After taking a dump you realize that you need a deeper cleaning than normal. You layer up the tissue, insert it in to your anus, and push gainfully as to ensure adequate penetration depth. Unfortunately you pushed a little too hard and that cheap toilet paper that they stock in the bathrooms at the office is not capable of withstanding the finger pressure.

Your reaction time is not nearly quick enough. Your eager finger slips right through the gaping tissue hole in to your anus which you have purposely relaxed so as to allow for proper penetration. Your anus is not so relaxed any more and you instinctively tighten the muscles, producing a firm, albeit temporary hold on your finger.

You then hastily yank your finger out of your rectum causing slight discomfort as the small, twisted pieces of cheap tissue have caused immediate, itchy irritation due to their scrubbing your anal wall.

You muster the will to look at your finger.

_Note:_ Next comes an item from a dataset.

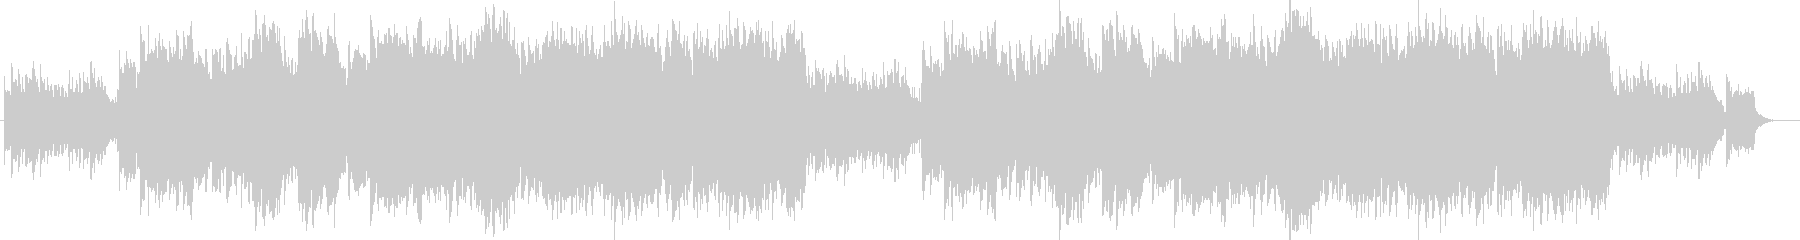 ピアノによるノスタルジックなバラードの未再生の波形

There is no time to become curious as to whether or not it will smell because you realize quickly that it does, partly because you wafted your finger to the frontal area where your senses are most responsive and partly because fresh, moist, shit that is not submerged in water creates a powerful odor indeed.

Finally, you require several rotations of hand-washing with soap to completely rid of the stench that has penetrated the oils contained on your finger.

This my friends is the Southside Surprise.

AGAIN? I thought they upgraded the toilet paper! Southside Surprise strikes again.